> _What you need to do_: Please restate the data that follows, leaving every word in place.

[Saved entries]
>>>>>
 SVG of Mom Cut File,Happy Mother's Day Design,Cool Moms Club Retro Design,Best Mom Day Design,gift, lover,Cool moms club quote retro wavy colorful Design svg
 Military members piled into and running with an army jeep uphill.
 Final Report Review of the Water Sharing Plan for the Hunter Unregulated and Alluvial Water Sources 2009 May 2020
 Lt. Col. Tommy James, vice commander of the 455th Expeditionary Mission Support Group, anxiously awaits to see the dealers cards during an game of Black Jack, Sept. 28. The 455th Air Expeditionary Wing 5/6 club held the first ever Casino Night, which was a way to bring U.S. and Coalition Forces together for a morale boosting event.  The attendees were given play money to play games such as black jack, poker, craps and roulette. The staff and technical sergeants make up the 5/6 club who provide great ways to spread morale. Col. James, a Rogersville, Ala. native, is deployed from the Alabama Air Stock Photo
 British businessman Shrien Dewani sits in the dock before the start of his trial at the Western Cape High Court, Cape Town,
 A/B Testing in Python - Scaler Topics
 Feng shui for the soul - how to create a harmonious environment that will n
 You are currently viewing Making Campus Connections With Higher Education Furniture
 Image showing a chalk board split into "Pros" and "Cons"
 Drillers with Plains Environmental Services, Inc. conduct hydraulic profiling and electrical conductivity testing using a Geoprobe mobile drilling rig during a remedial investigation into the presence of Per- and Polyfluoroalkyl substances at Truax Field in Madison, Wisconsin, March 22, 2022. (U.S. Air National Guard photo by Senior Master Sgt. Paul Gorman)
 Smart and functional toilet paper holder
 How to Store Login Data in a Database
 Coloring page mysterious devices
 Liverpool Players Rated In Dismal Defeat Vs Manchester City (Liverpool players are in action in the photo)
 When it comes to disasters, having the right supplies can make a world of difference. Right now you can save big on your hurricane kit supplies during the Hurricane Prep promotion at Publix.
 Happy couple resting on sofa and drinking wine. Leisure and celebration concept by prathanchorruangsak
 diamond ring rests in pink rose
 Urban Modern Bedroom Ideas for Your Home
<<<<<
> _Written solution_:
 SVG of Mom Cut File,Happy Mother's Day Design,Cool Moms Club Retro Design,Best Mom Day Design,gift, lover,Cool moms club quote retro wavy colorful Design svg
 Military members piled into and running with an army jeep uphill.
 Final Report Review of the Water Sharing Plan for the Hunter Unregulated and Alluvial Water Sources 2009 May 2020
 Lt. Col. Tommy James, vice commander of the 455th Expeditionary Mission Support Group, anxiously awaits to see the dealers cards during an game of Black Jack, Sept. 28. The 455th Air Expeditionary Wing 5/6 club held the first ever Casino Night, which was a way to bring U.S. and Coalition Forces together for a morale boosting event.  The attendees were given play money to play games such as black jack, poker, craps and roulette. The staff and technical sergeants make up the 5/6 club who provide great ways to spread morale. Col. James, a Rogersville, Ala. native, is deployed from the Alabama Air Stock Photo
 British businessman Shrien Dewani sits in the dock before the start of his trial at the Western Cape High Court, Cape Town,
 A/B Testing in Python - Scaler Topics
 Feng shui for the soul - how to create a harmonious environment that will n
 You are currently viewing Making Campus Connections With Higher Education Furniture
 Image showing a chalk board split into "Pros" and "Cons"
 Drillers with Plains Environmental Services, Inc. conduct hydraulic profiling and electrical conductivity testing using a Geoprobe mobile drilling rig during a remedial investigation into the presence of Per- and Polyfluoroalkyl substances at Truax Field in Madison, Wisconsin, March 22, 2022. (U.S. Air National Guard photo by Senior Master Sgt. Paul Gorman)
 Smart and functional toilet paper holder
 How to Store Login Data in a Database
 Coloring page mysterious devices
 Liverpool Players Rated In Dismal Defeat Vs Manchester City (Liverpool players are in action in the photo)
 When it comes to disasters, having the right supplies can make a world of difference. Right now you can save big on your hurricane kit supplies during the Hurricane Prep promotion at Publix.
 Happy couple resting on sofa and drinking wine. Leisure and celebration concept by prathanchorruangsak
 diamond ring rests in pink rose
 Urban Modern Bedroom Ideas for Your Home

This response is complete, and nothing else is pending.